3. Ressources complémentaires¶
- Sur IBM SkillsBuild : Suivre le cours "Cybersecurity Governance and Risk Management - Part 1" (durée estimée : 1h30).
- Ressource complémentaire : Visiter le site de l'ANSSI (cyber.gouv.fr) et consulter le guide "La PSSI" pour observer comment un État structure ses exigences nationales.
- ANSSI — La méthode EBIOS Risk Manager
- CNIL — PIA / Analyse d'impact
4. Exercice bonus (Sondage Livestorm)¶
- Objectif : Approche de la conformité d'audit.
- 📊 Sondage Livestorm n°9 : Un auditeur de sécurité vous demande de prouver que vos collaborateurs ont pris connaissance de la charte informatique. Quelle preuve présentez-vous ?
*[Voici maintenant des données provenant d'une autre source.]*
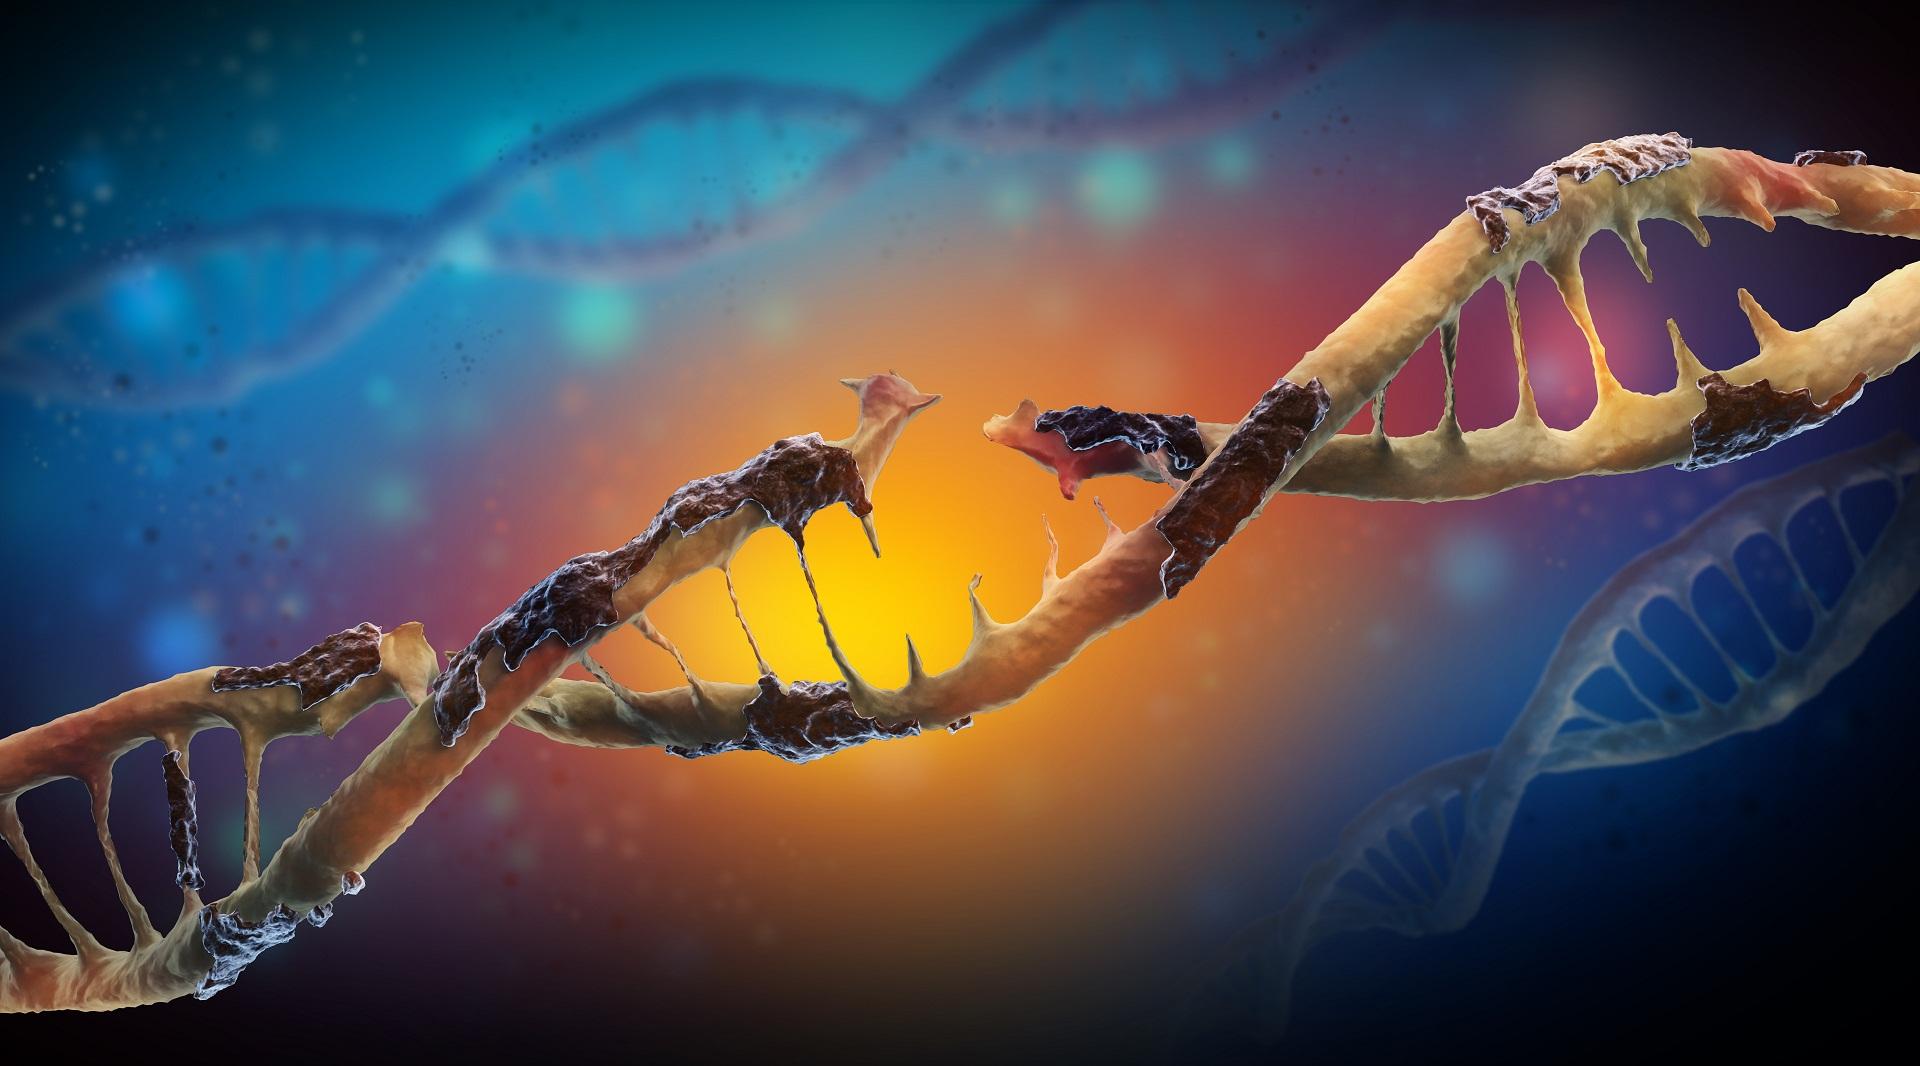 Mutação genética missense sentido trocado deleção inserção frameshift expansão de tripletos mutações genéticas sequenciamento completo do exoma genoma

- A) Une affirmation orale du technicien informatique.
- B) La charte informatique signée individuellement par chaque collaborateur ou validée électroniquement avec preuve de réception ✅
- C) Le code source de votre outil d'IAM.
- Guide d'animation (pour le mentor) : La gouvernance et l'audit exigent des preuves documentaires tangibles (accountability) : en audit, ce qui n'est pas prouvé n'existe pas. C'est le prolongement direct du sondage d'opinion n°5 — la charte « qui existe quelque part » ne vaut rien face à un auditeur. Segment tampon : à faire en autonomie si la session est en retard.
5. Aide-mémoire / Fiche de révision¶
| Concept Clé | Définition synthétique |
|---|---|
| PSSI | Le Code de la Route de l'entreprise : règles claires, mesurables, réalistes — et signées par la Direction. |
| ISO 27001 | La norme certifiable du management de la sécurité (SMSI) — elle garantit le pilotage, pas l'imperméabilité. |
| NIST CSF 2.0 (2024) | 6 fonctions : Gouverner, Identifier, Protéger, Détecter, Répondre, Restaurer — la gouvernance est le socle des cinq autres. |
| PDCA | Planifier, Déployer, Vérifier, Ajuster — l'amélioration continue, cœur de l'ISO. |
| RSSI vs Direction | Le RSSI conseille et orchestre ; la Direction décide, finance et assume. |
| NIS2 | La directive européenne qui rend les dirigeants légalement responsables de la supervision des risques cyber. |
| Accountability | En audit, ce qui n'est pas prouvé (signé, tracé, documenté) n'existe pas. |
La règle d'or de la session : la gouvernance décide, documente et prouve — une règle non portée par la Direction n'est qu'un conseil, un incident dissimulé est une faute qui se paie au centuple (Uber, Yahoo), et depuis NIS2, la responsabilité cyber des dirigeants n'est plus une métaphore.